Available records START

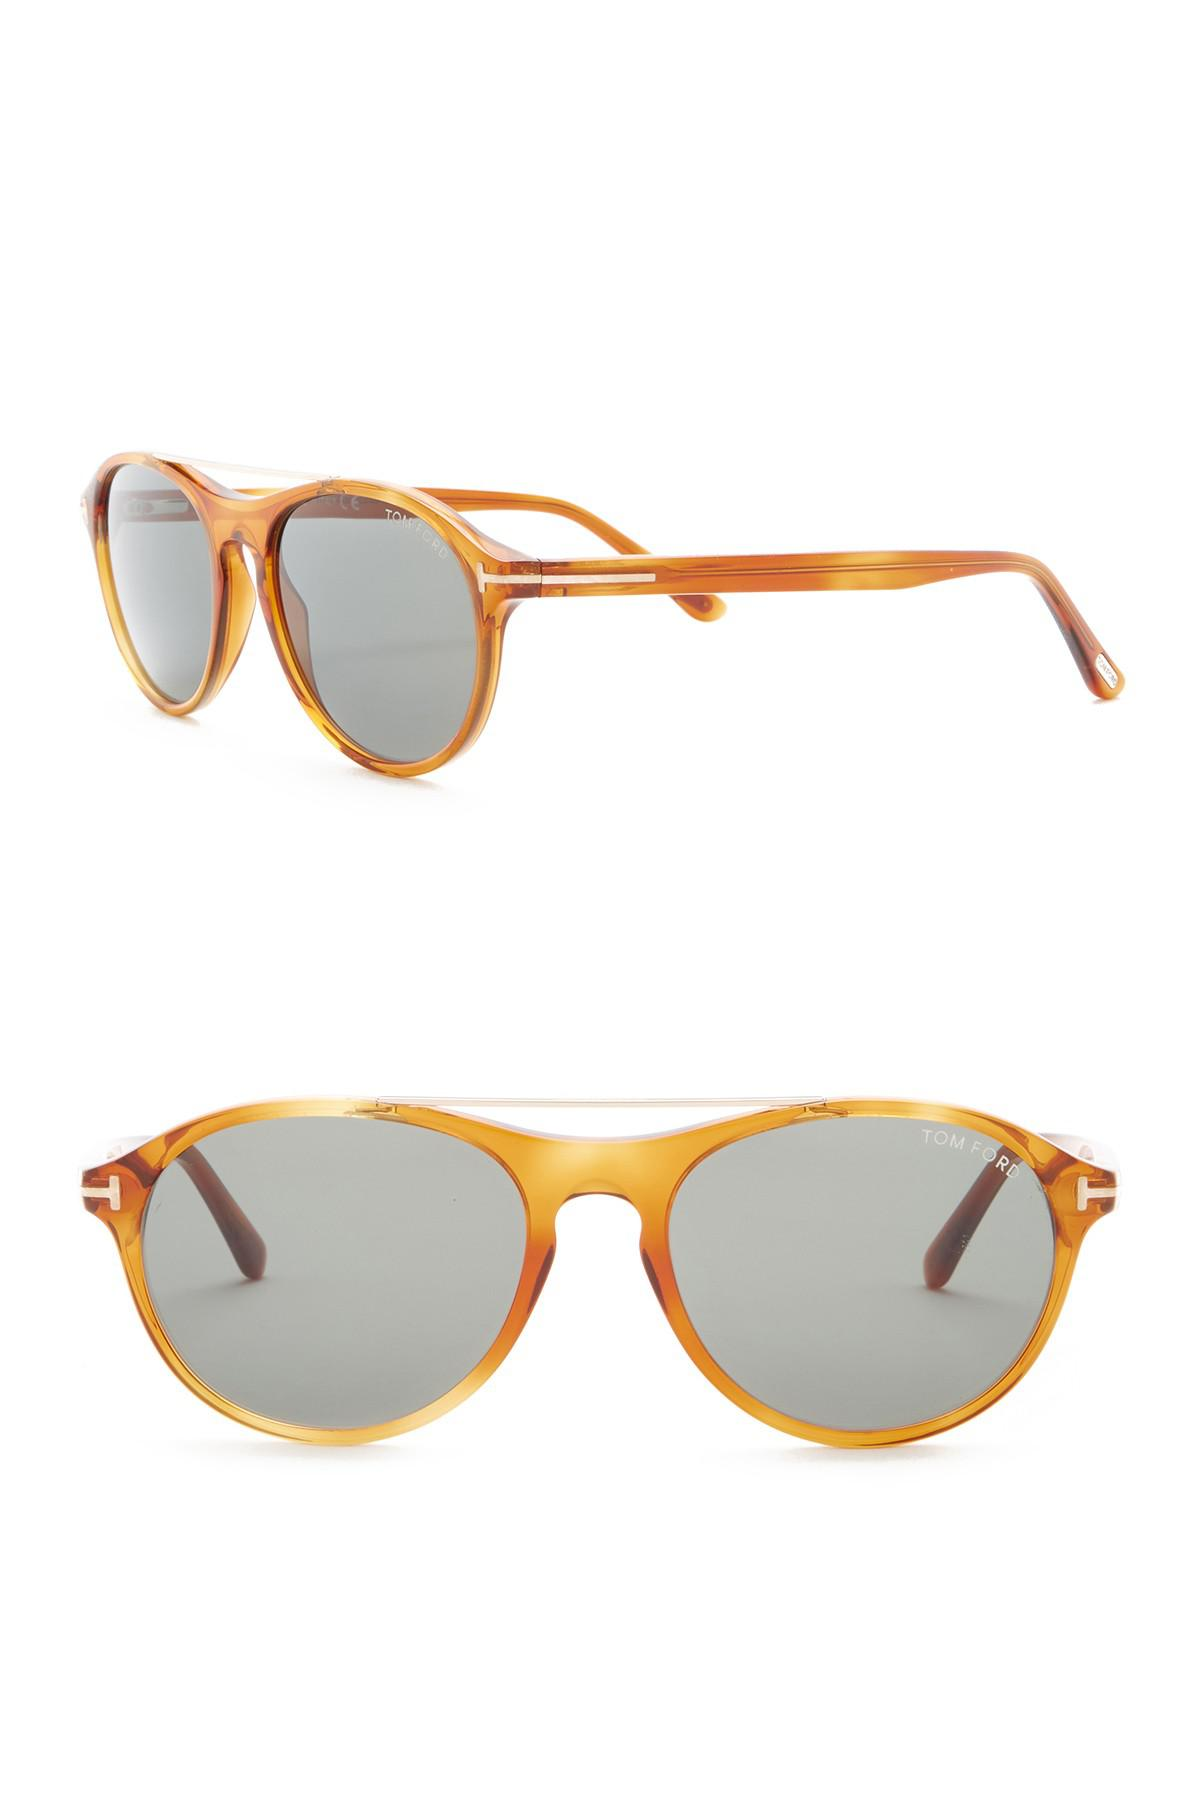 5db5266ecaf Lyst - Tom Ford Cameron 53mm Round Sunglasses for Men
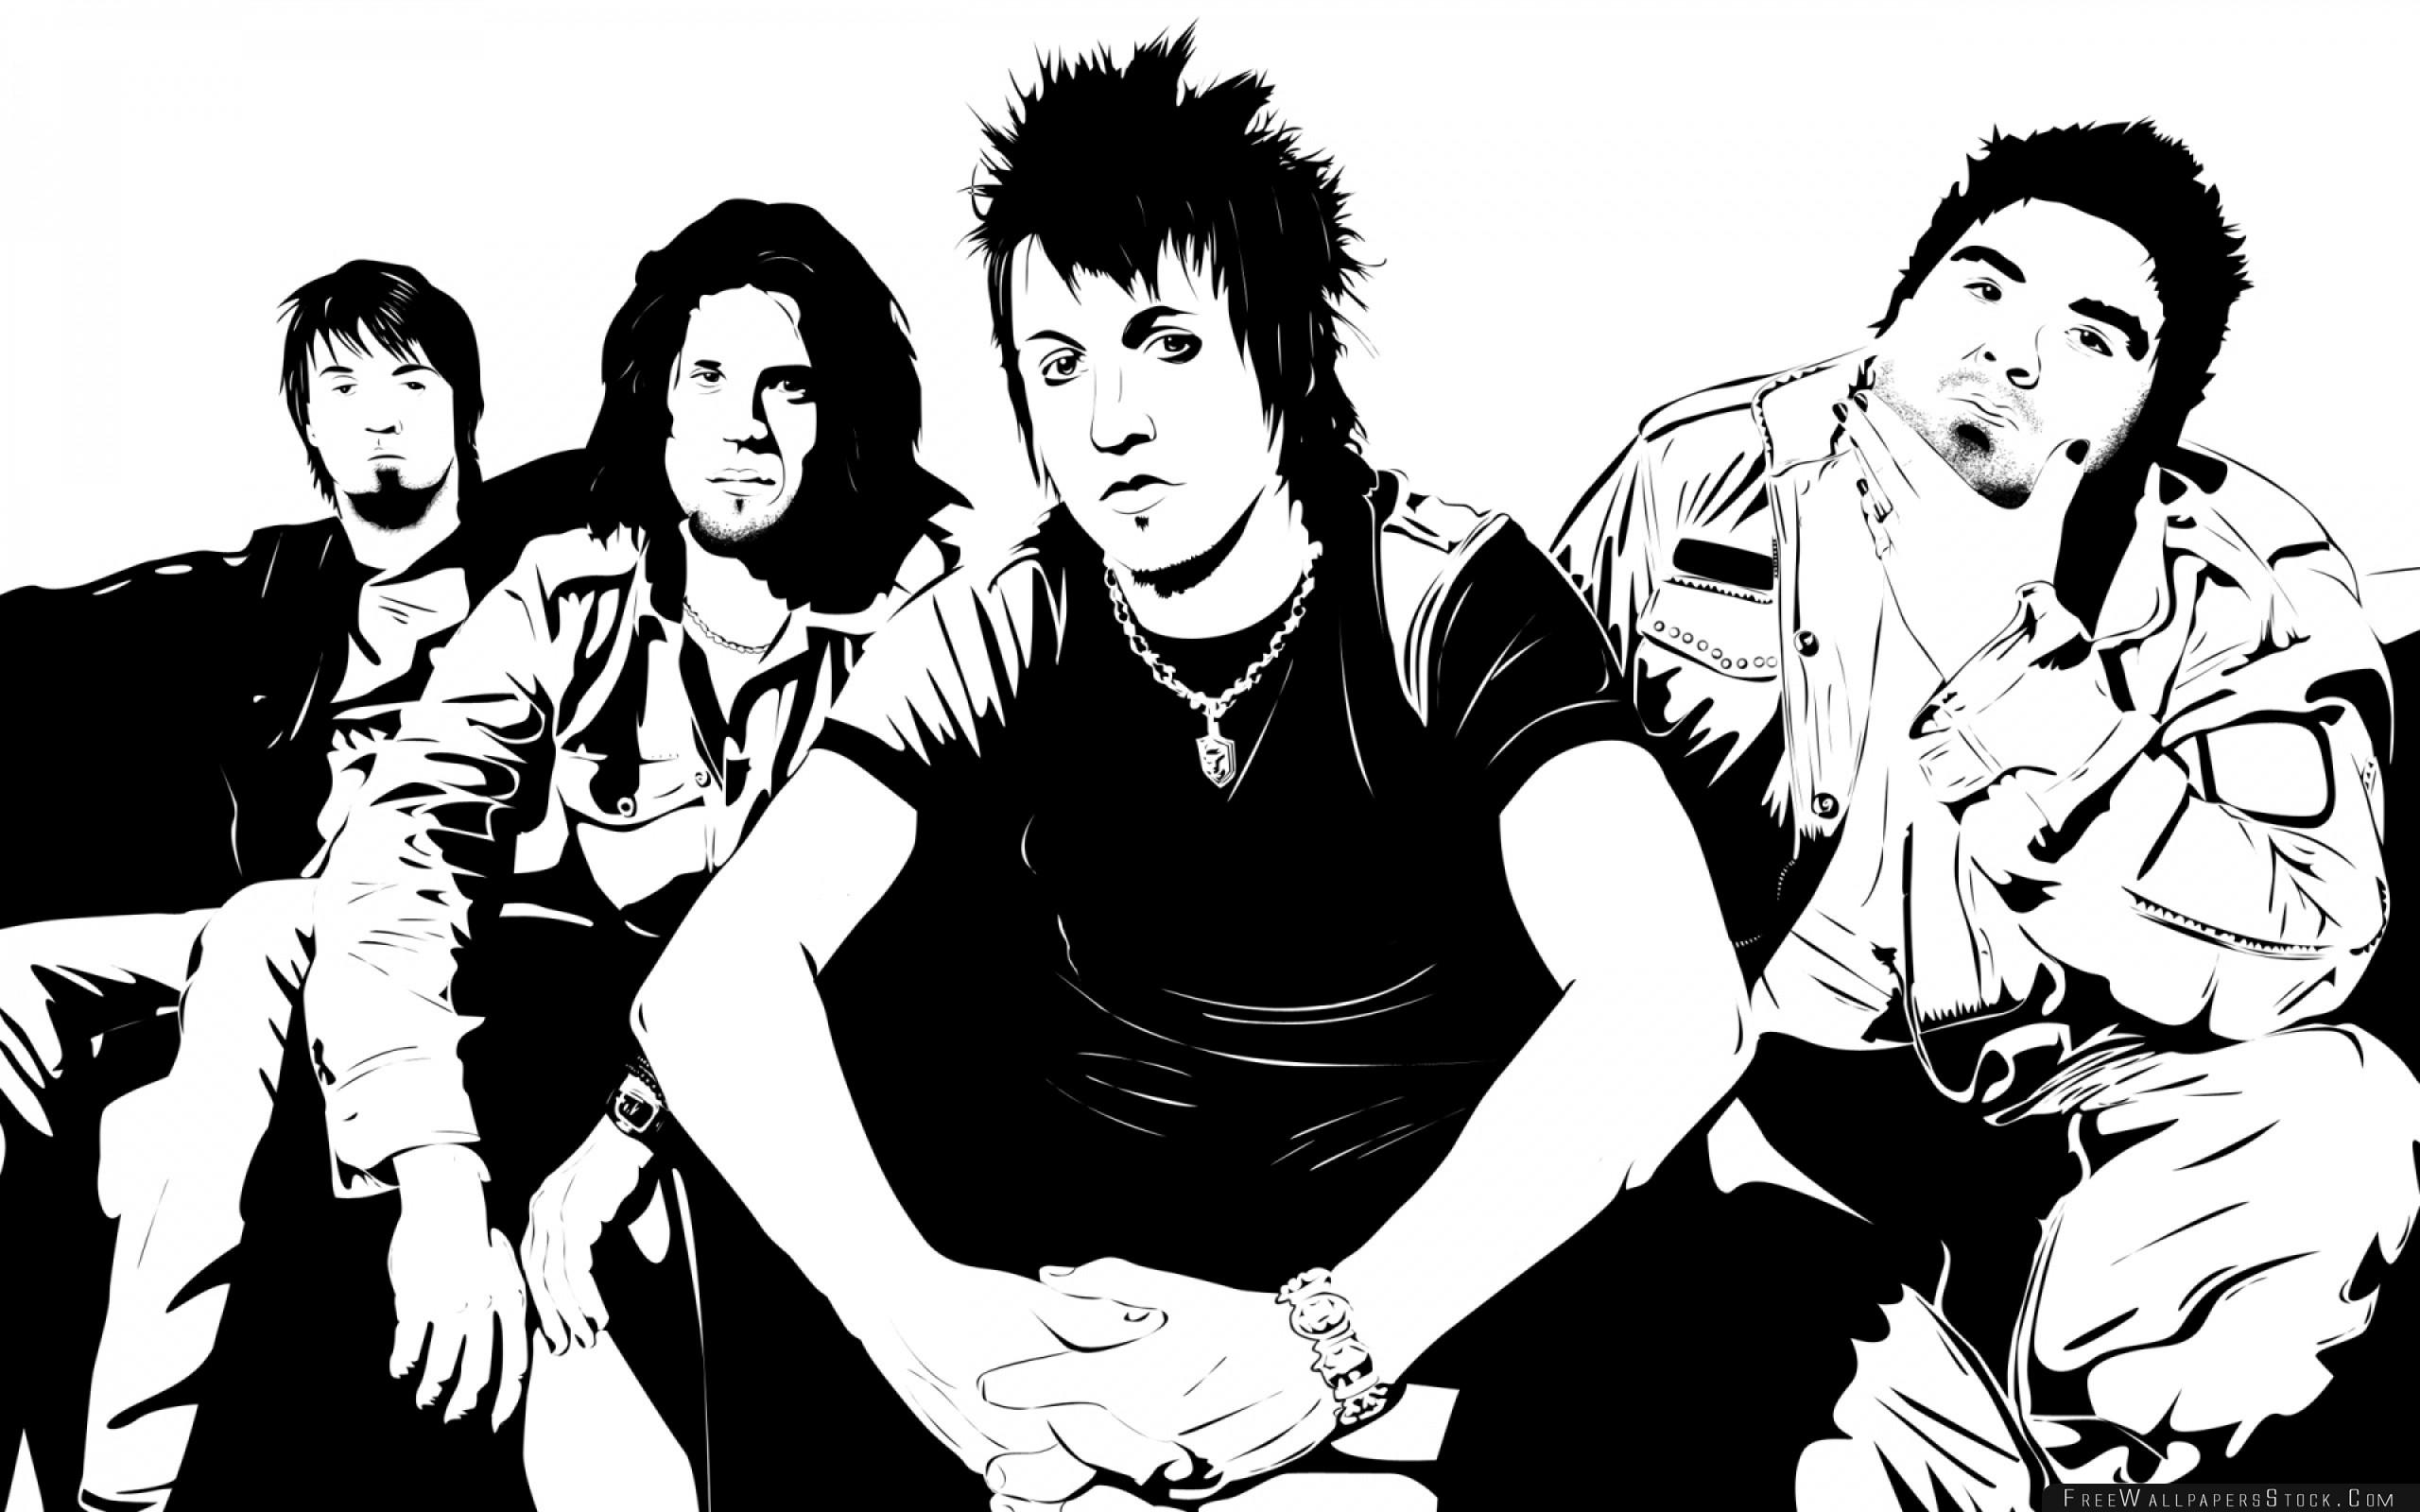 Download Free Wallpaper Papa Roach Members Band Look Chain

Available records END
Available records START

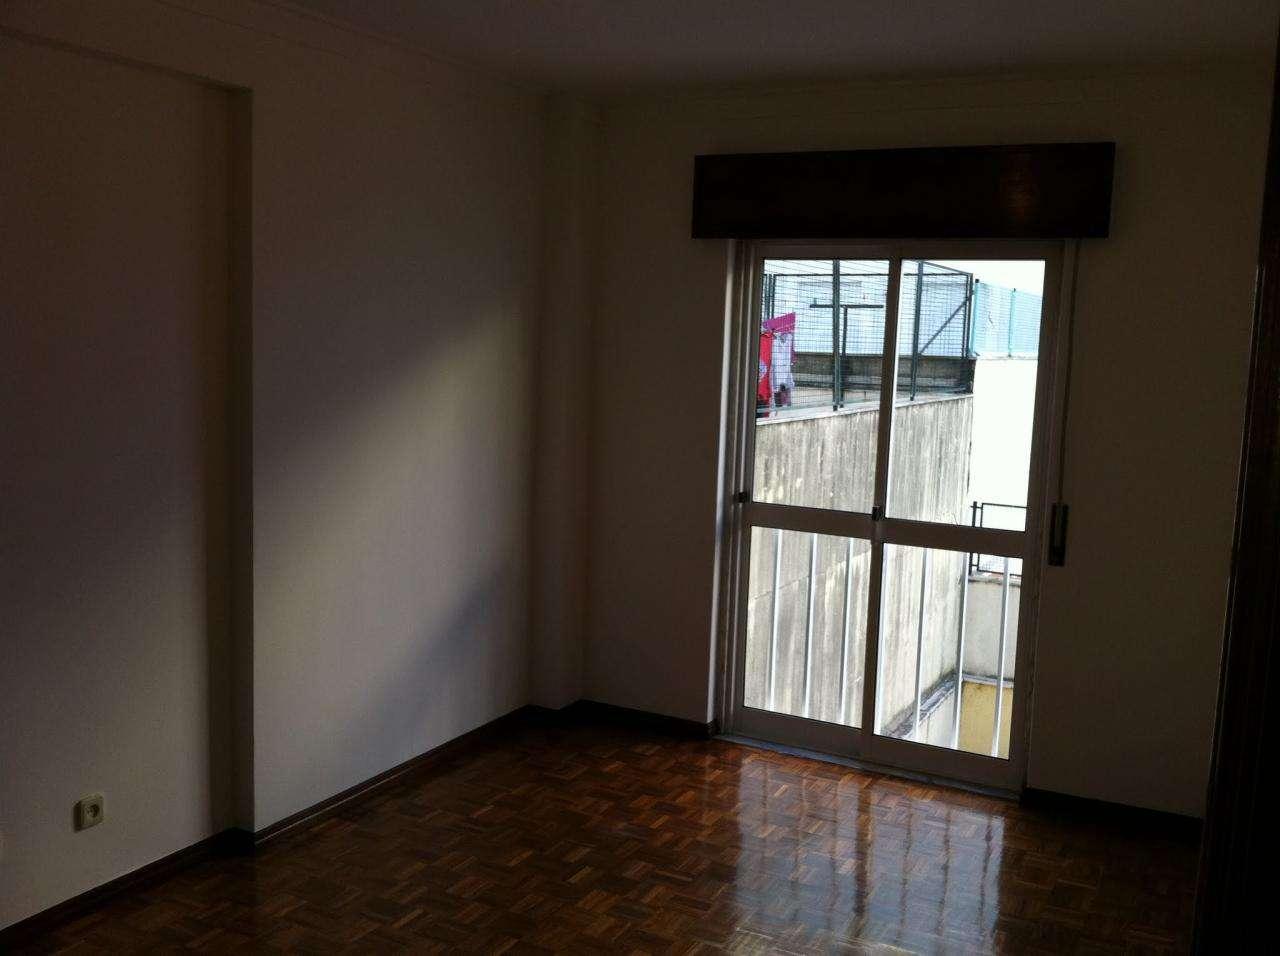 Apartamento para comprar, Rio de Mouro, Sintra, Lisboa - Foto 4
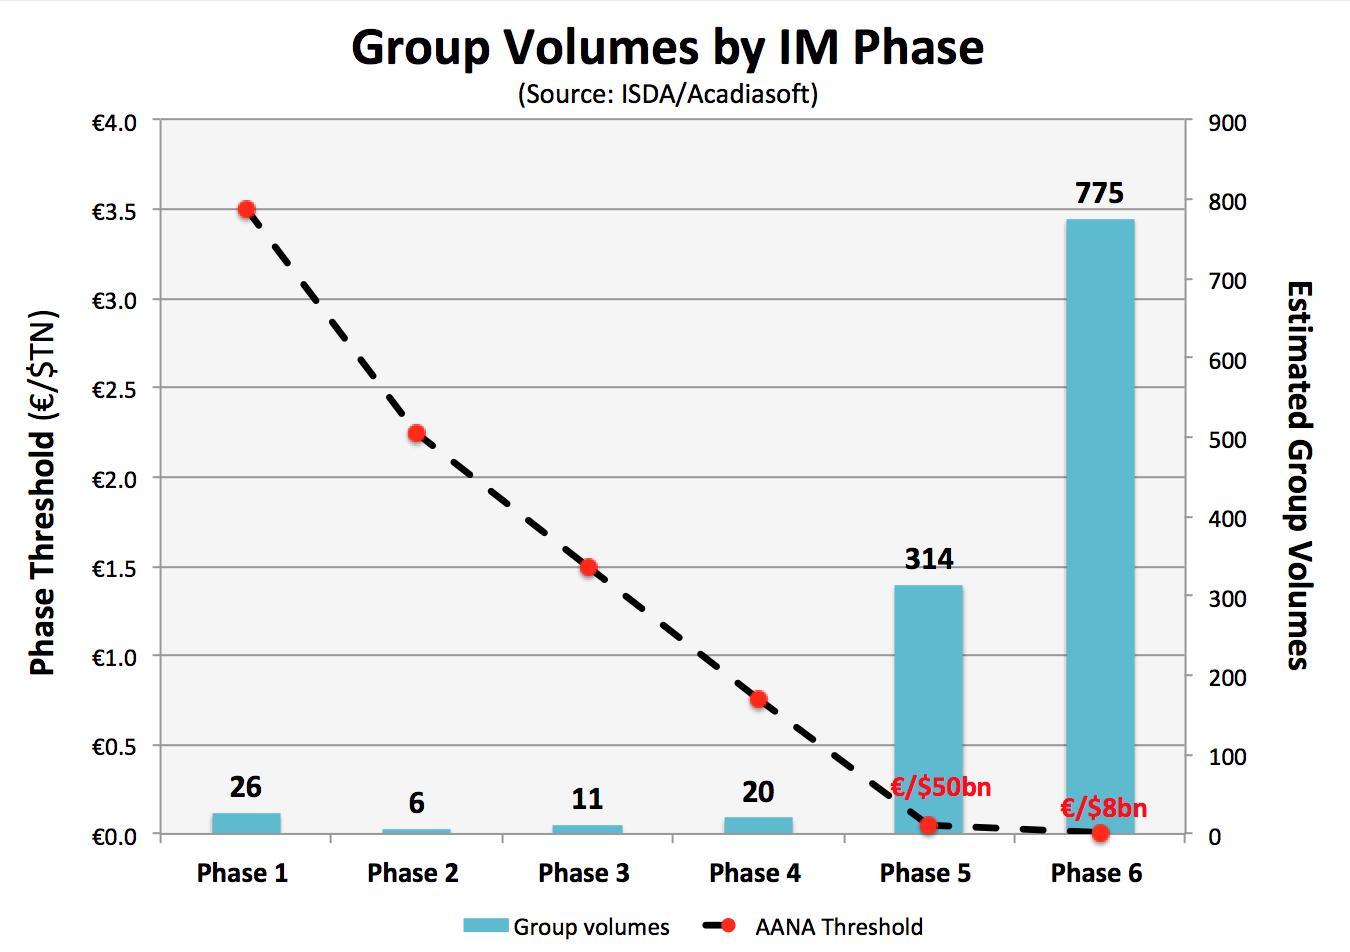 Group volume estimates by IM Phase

Available records END

● **To do**: Give back exactly the lines above from the one with "Apartamento para comprar, Rio" through the one with "Group volume estimates by IM Phase", both included. Pictures don't belong in the copy.

● **Reply**:
 Apartamento para comprar, Rio de Mouro, Sintra, Lisboa - Foto 4
 Group volume estimates by IM Phase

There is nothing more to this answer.